Again, the value is the same. How do we engage people, become their church, change how they think about God, and bring them into a relationship with Him.

And we solve [any] problems around that goal as they come along.

Is the day coming when Waters Edge will have true virtual campuses – perhaps with attendees using something like Oculus VR headsets?

The day is approaching soon when we can say we have a true virtual [presence]. But [again], we didn’t ask for this, we just realize it’s a reality. This is the work God has to do.

We have eight watch parties in our current languages or micro campuses, [with] people who’ve watched Waters Edge for well over a year, gatherings where 100-250 people get together each week and stream our services.

One guy, named Erik, found us and joined an online group, became an online volunteer, and now serves with us weekly. He invited his family and 12-14 others into his house to worship [in Kenya].

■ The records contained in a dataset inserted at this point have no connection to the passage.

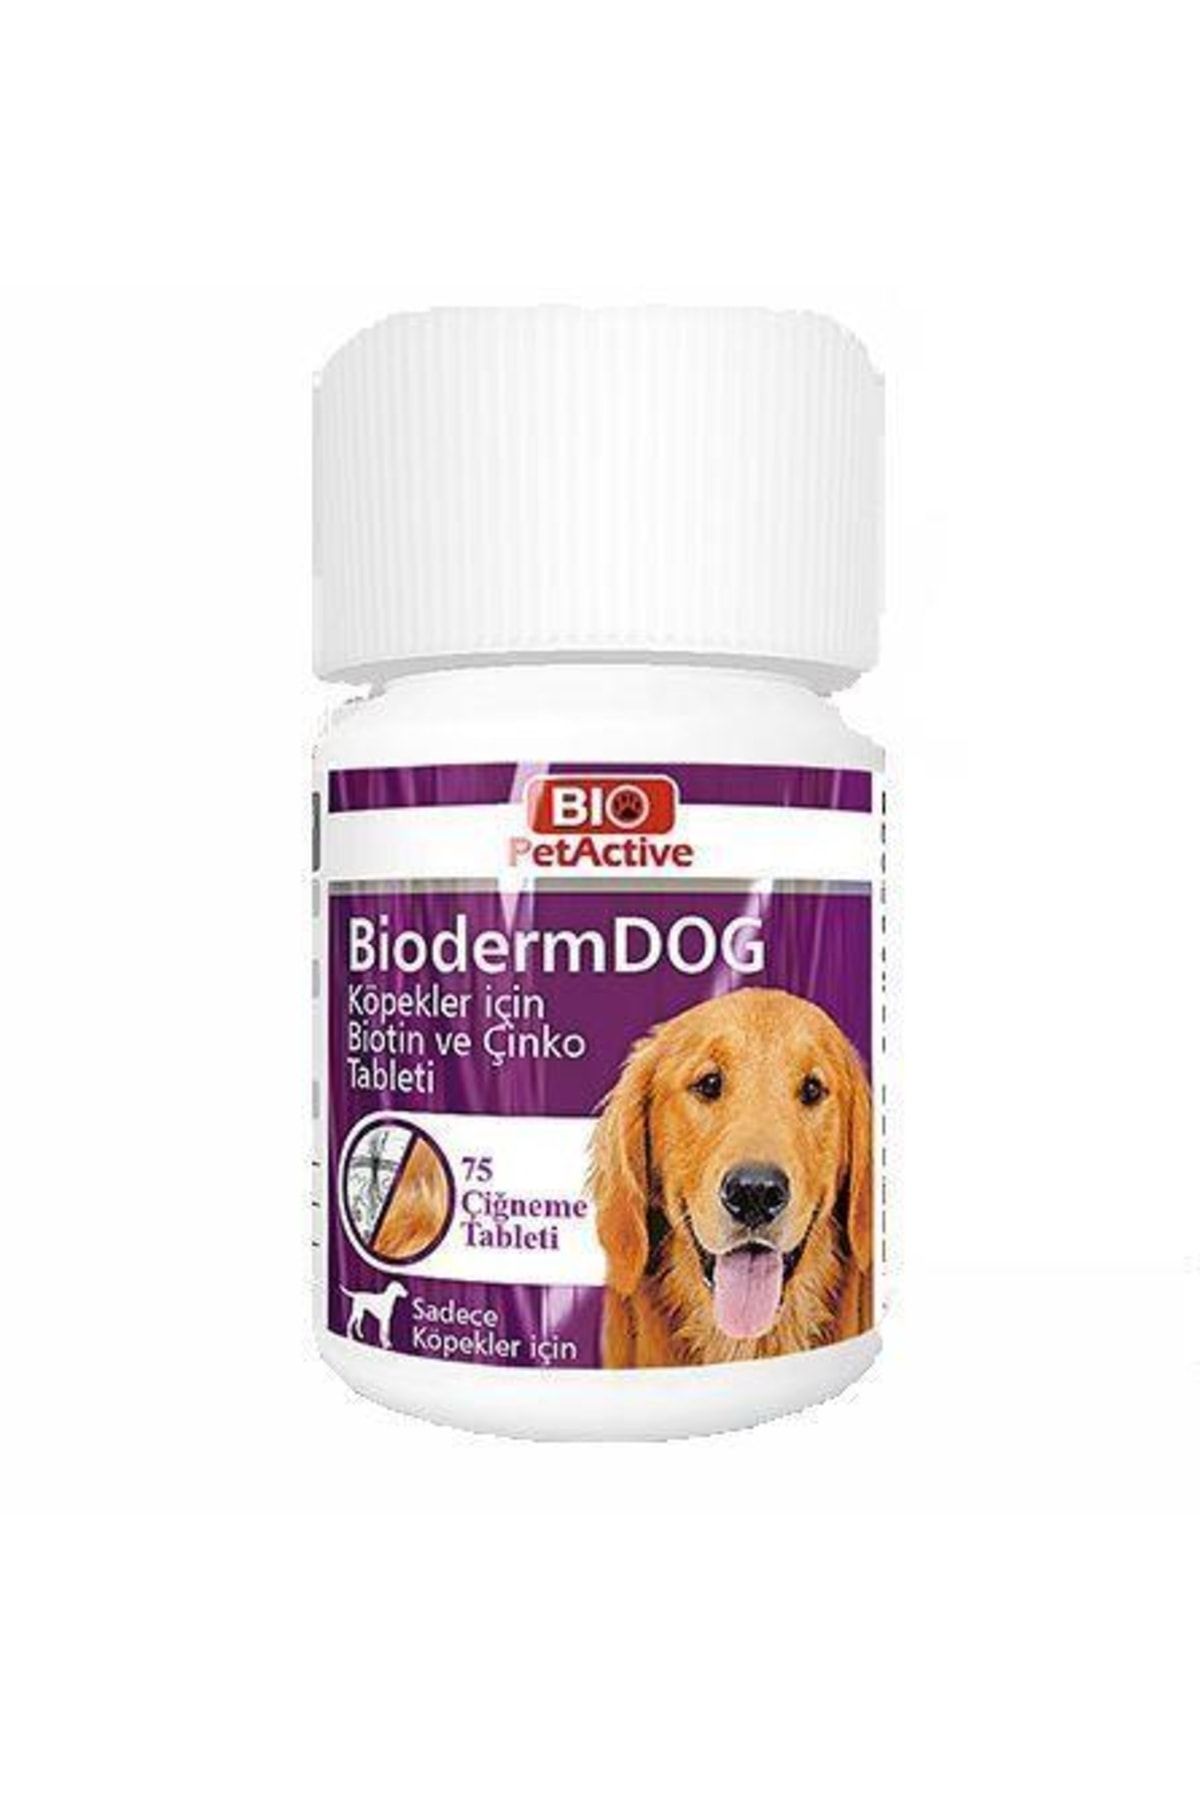 Bio PetActive Bio Pet Active Biodermdog Köpek Için Çinko Çiğneme Tableti 75 Adet
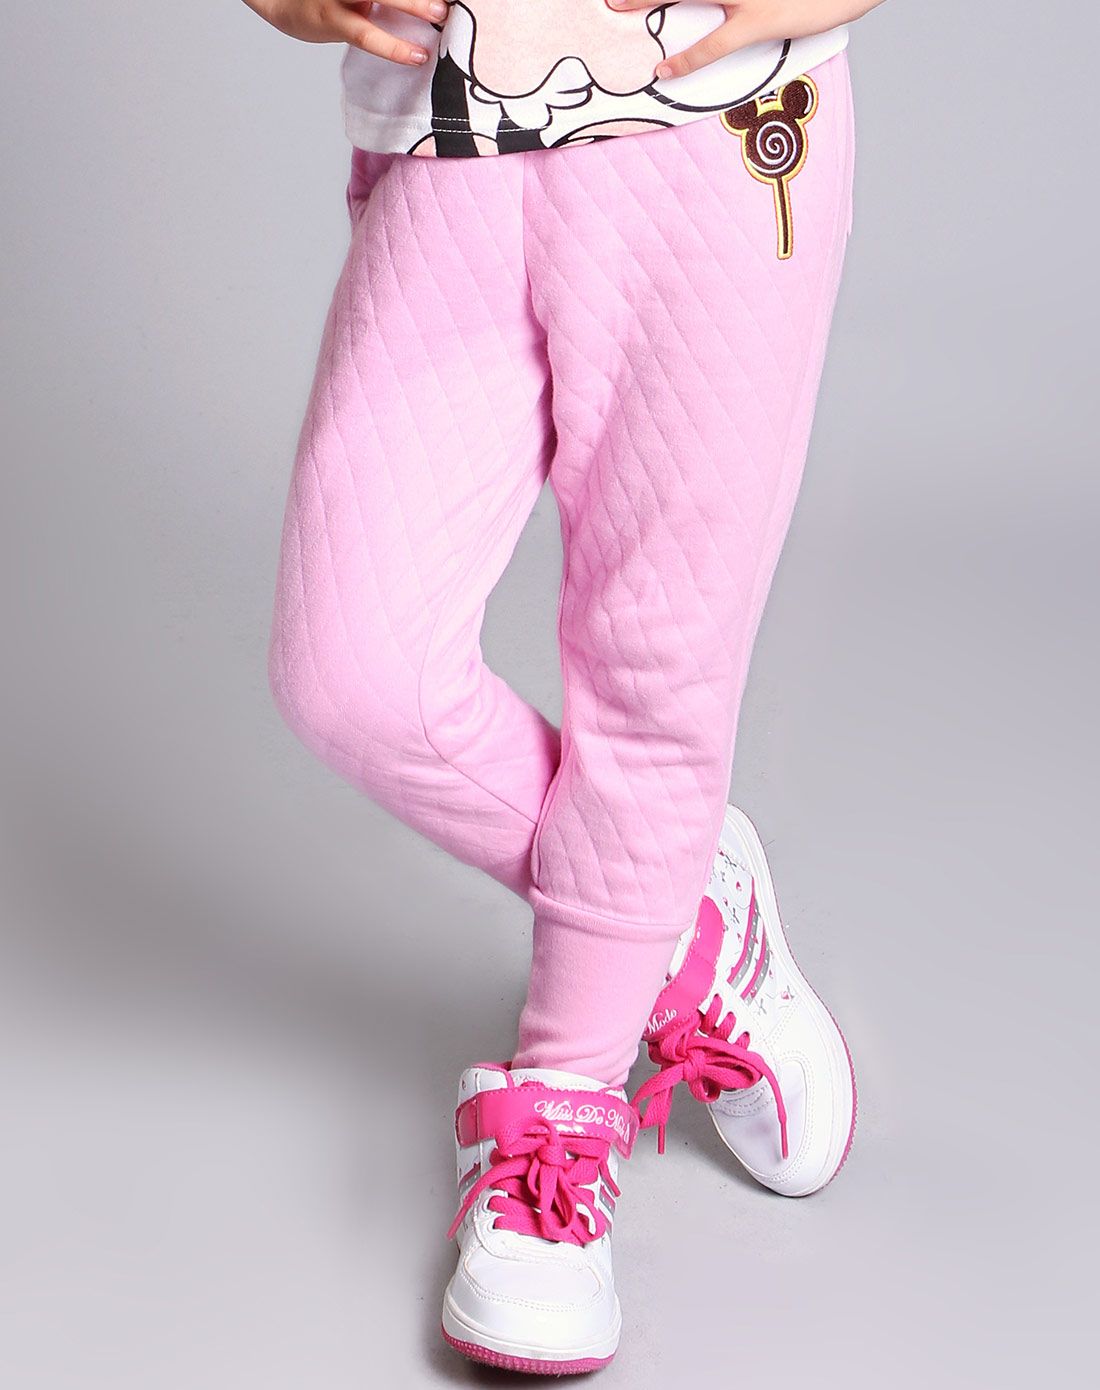 男童粉红色长裤
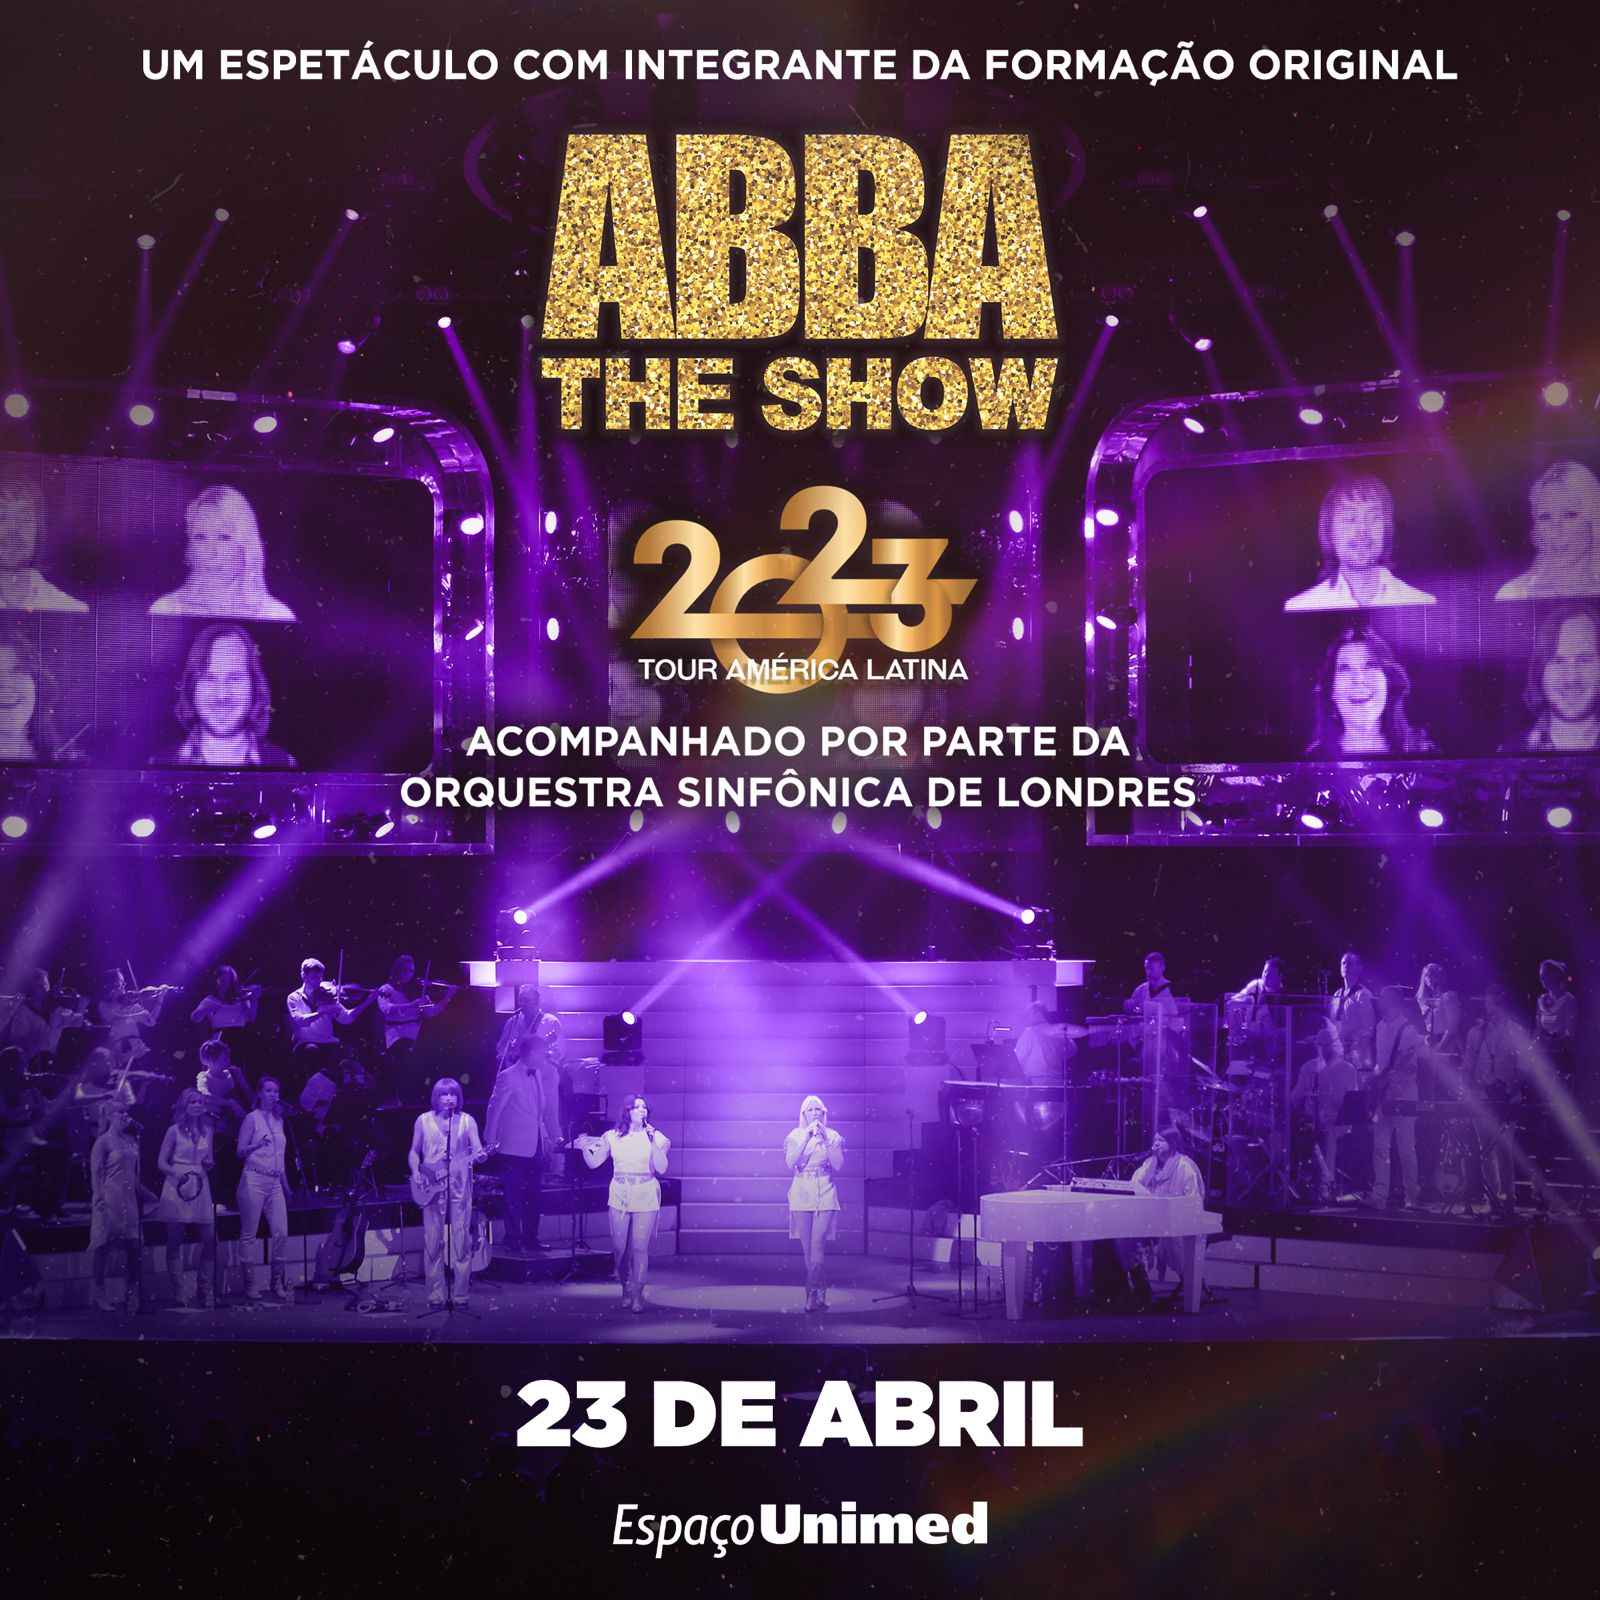 ABBA THE SHOW se apresenta no Espaço Unimed com músicos da Orquestra Sinfônica Nacional de Londres

Now (with a building to use as a home base that Waters Edge helped build for him), he has several hundred per week coming together to experience Waters Edge Church, and he’s putting his own mark on it.

He’s “contextualizing,” as he says.

We’re sending people to be on the ground with him and check out his watch party and they took him a kit of equipment that resides at his watch party each week. They turn on the equipment and the camera, [placed] on a stand, and it emulates a person’s eyes in a room. So if you’re watching on YouTube or VR, like [with] Oculus or PlayStation VR2, you [can] connect through a link. And if you turn your head, the camera will turn its view. So you can sit in and be present virtually and see what the Waters Edge version in Kenya [looks like], for instance, and be virtually present with them.

So that’s one version of what we’re working on, letting people join Erik in Kenya. And then we’re developing the same capability for people at one of our main campuses. So they can join us in the same way. It’s not true metaverse, where you choose not to be there in person, but it’s installing hardware and letting people add in a layer of virtual presence.

It lets people who either prefer virtual technology or who have had to relocate due to various reasons be a part of [Waters Edge worship] each week. We can service thousands with one camera setup. We [certainly] couldn’t offer that many seats.

We know that metaverse church is an emerging opportunity. We don’t have it — and we don’t have plans to launch it — but [we can envision it], with people as avatars, who go into church, the avatar has a donut, sits in a chair, and the worship pastor is there. [And yet], we aren’t sure we’ll go down that path. But if there’s a field right for the harvest, we’ll go there … the workers are few.

What closing thoughts are important to share, from your perspective?

Online services opened a door we didn’t want to step into. But we realized our missions field is very international – 92% of viewers, as I said. I can now name the people we’re in direct relationship with in Haiti, Tibet, etc.

We’re excited and trying to figure out the structure for how to serve these underserved areas.

Our church is excited about the attendance number and the flock, [now in] six digits. We lived [with] that for a bit. But the connection metrics, as we call them, those numbers [are very small], where viewers got baptized and gave their lives to Jesus, became a volunteer, or whatever. [For example], we’ve seen only three online baptisms among so many online groups.

People always want to talk about getting big online numbers. We figured that out in 2022, but now we’re trying to figure out how to get those people involved. That’s our problem now.

So it’s important to keep the focus on the right thing.